## Exercise
Here the job is to transcribe the data exactly while omitting the images.

## Input data
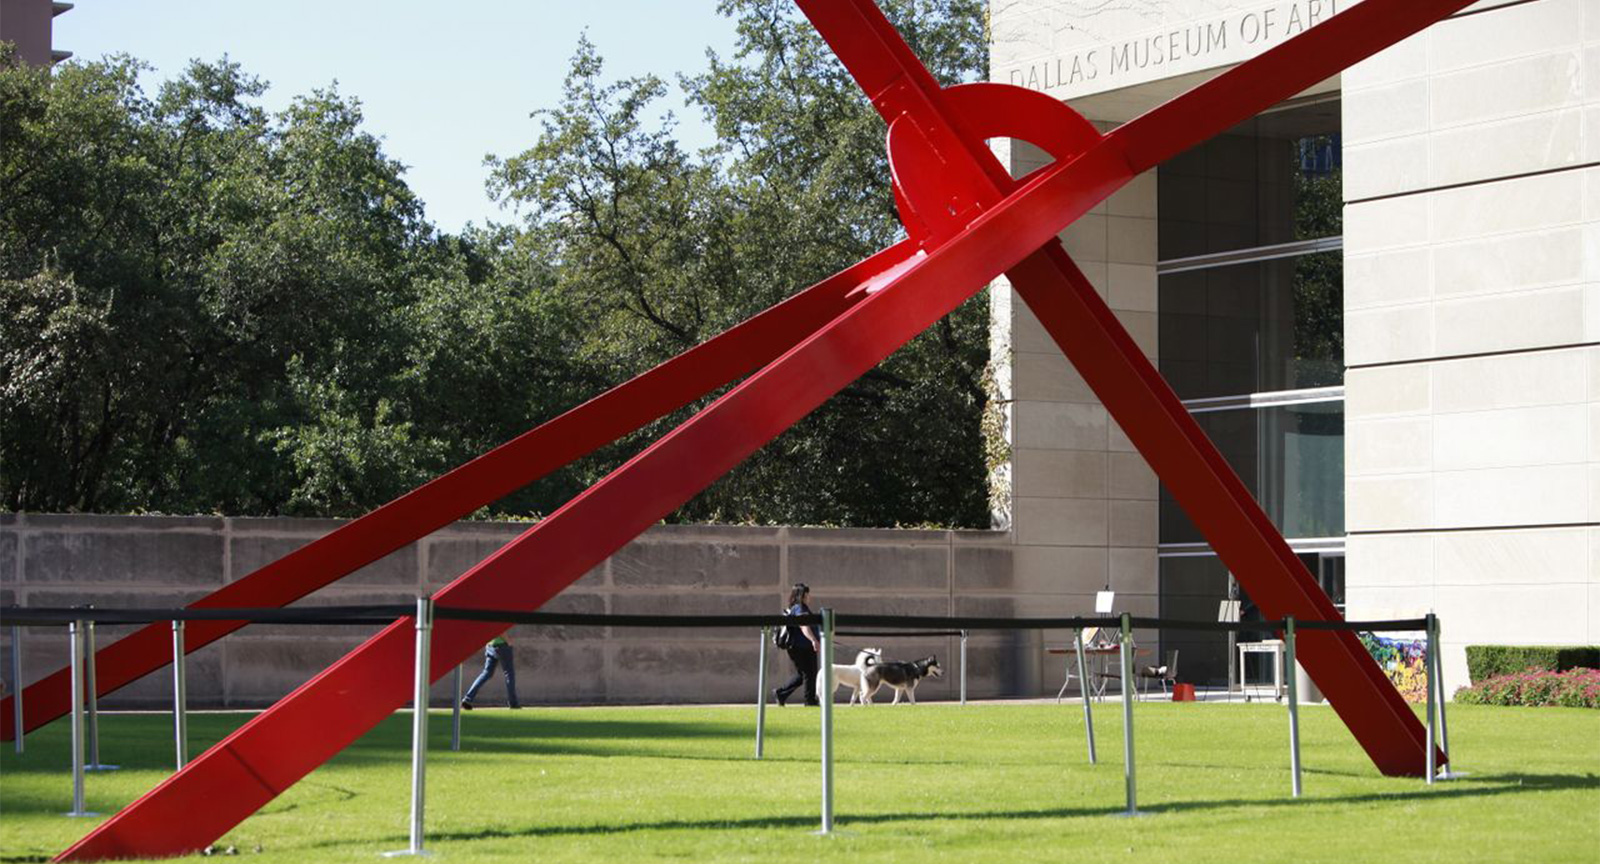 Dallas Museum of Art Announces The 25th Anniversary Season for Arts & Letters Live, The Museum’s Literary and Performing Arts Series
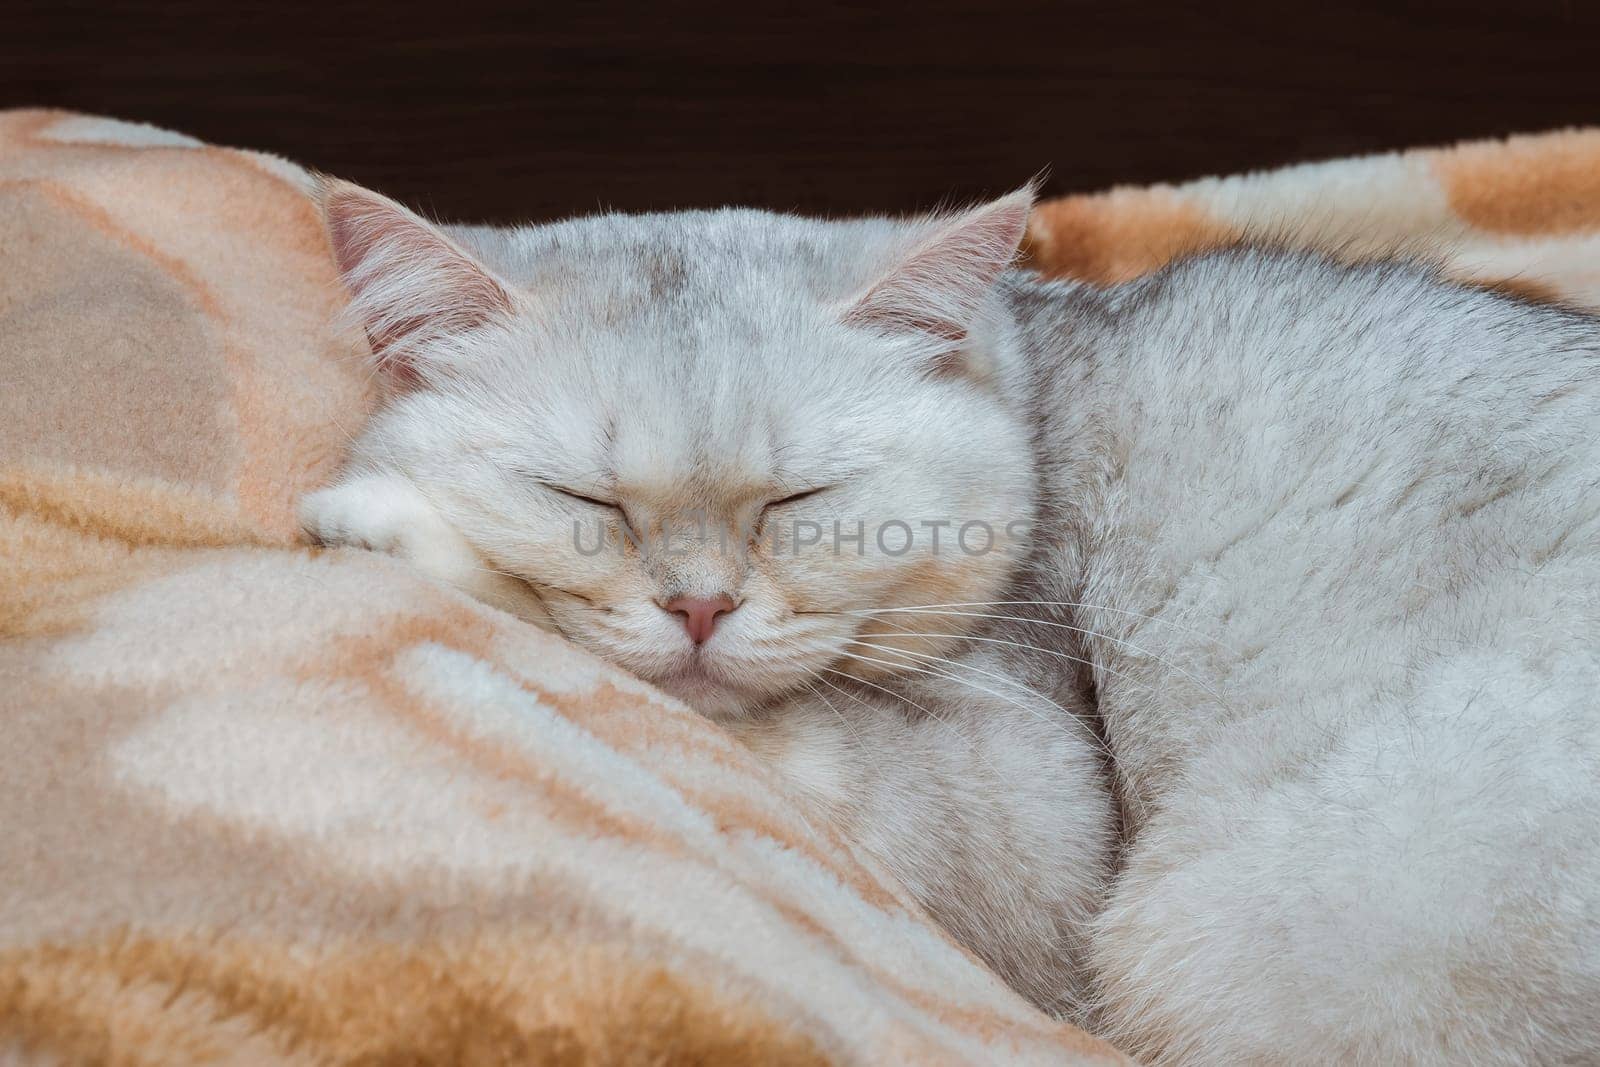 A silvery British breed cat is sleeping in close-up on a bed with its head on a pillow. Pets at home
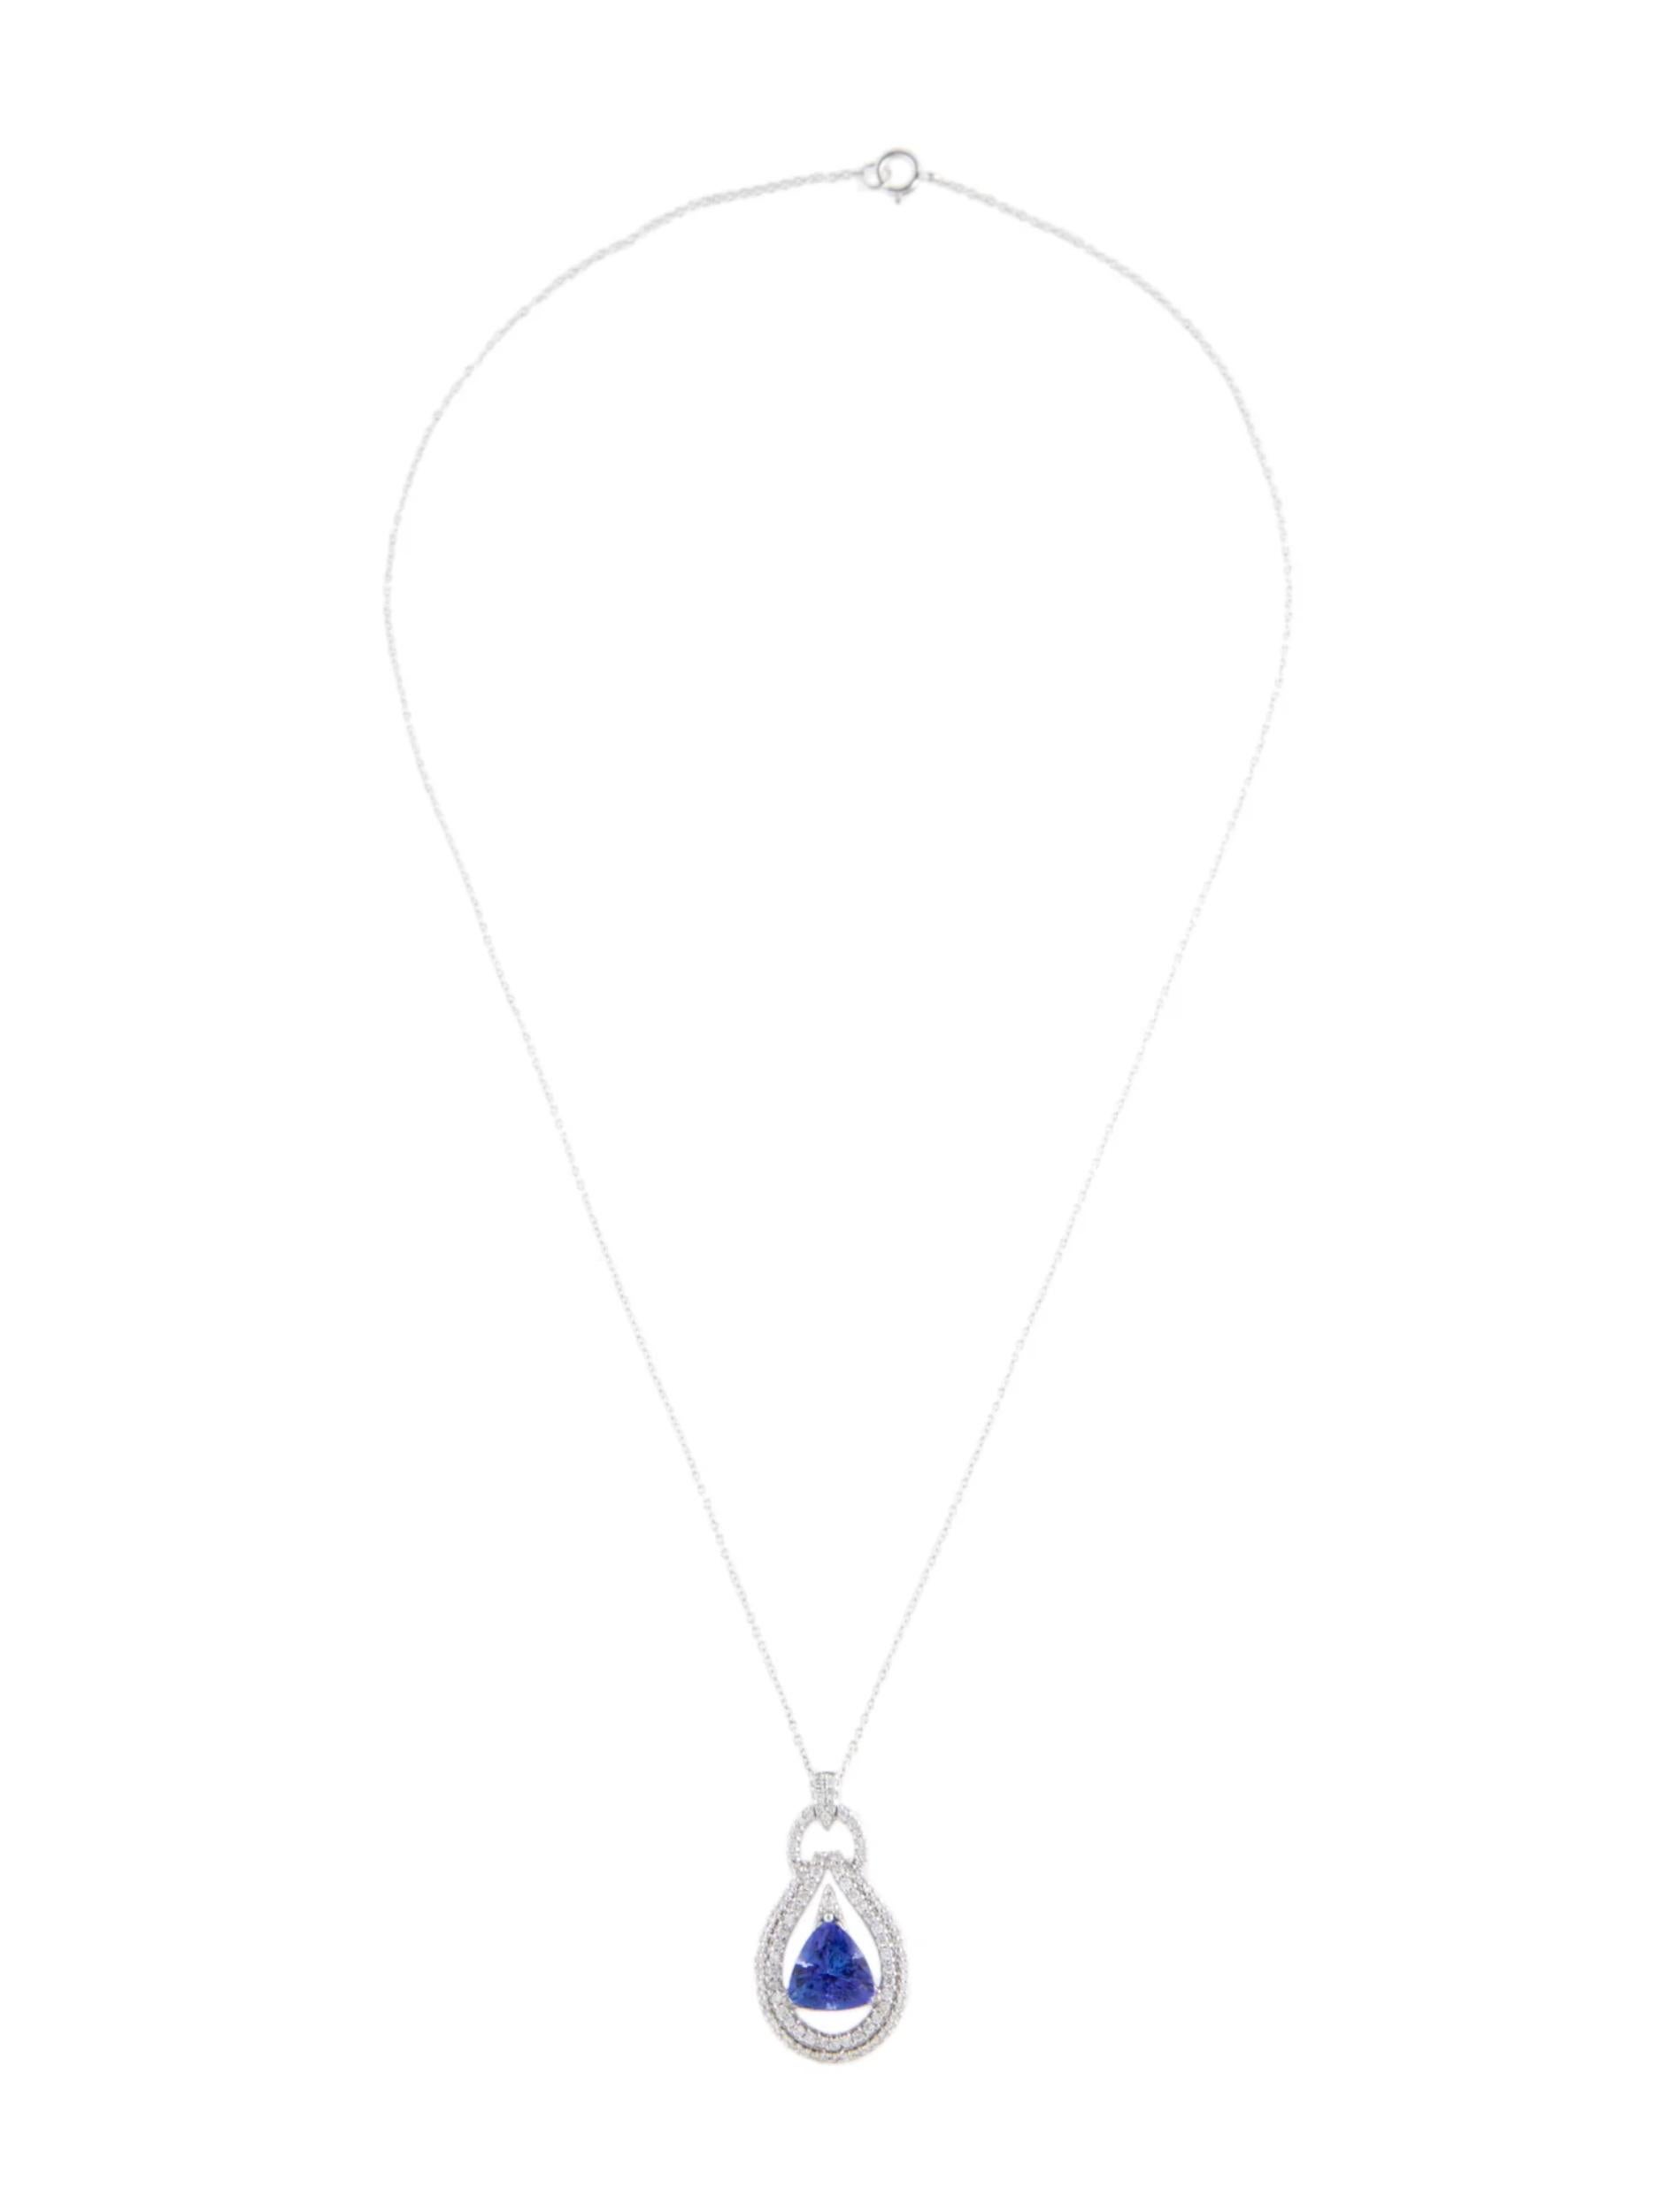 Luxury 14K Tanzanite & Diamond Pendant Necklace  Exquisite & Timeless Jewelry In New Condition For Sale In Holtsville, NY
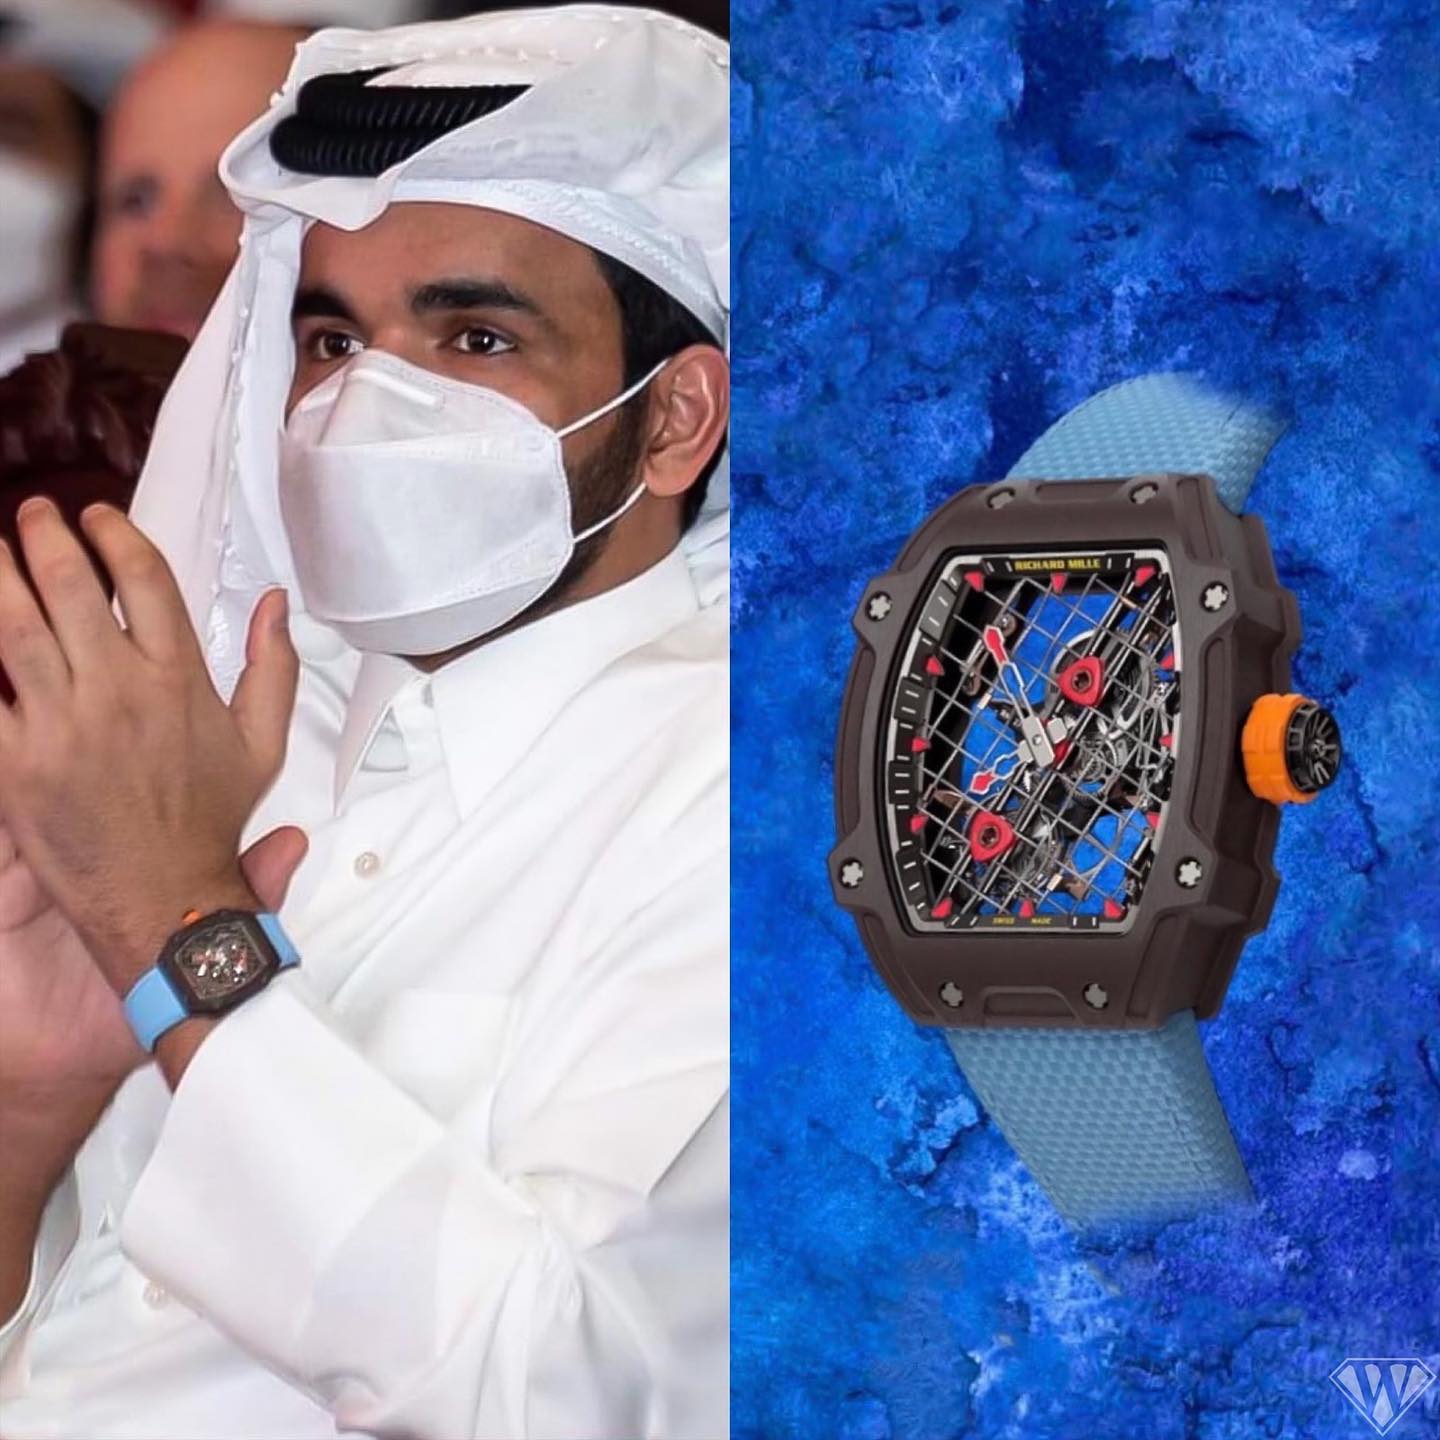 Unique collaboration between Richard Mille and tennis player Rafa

## Written solution
 Dallas Museum of Art Announces The 25th Anniversary Season for Arts & Letters Live, The Museum’s Literary and Performing Arts Series
 A silvery British breed cat is sleeping in close-up on a bed with its head on a pillow. Pets at home
 Luxury 14K Tanzanite & Diamond Pendant Necklace  Exquisite & Timeless Jewelry In New Condition For Sale In Holtsville, NY
 Unique collaboration between Richard Mille and tennis player Rafa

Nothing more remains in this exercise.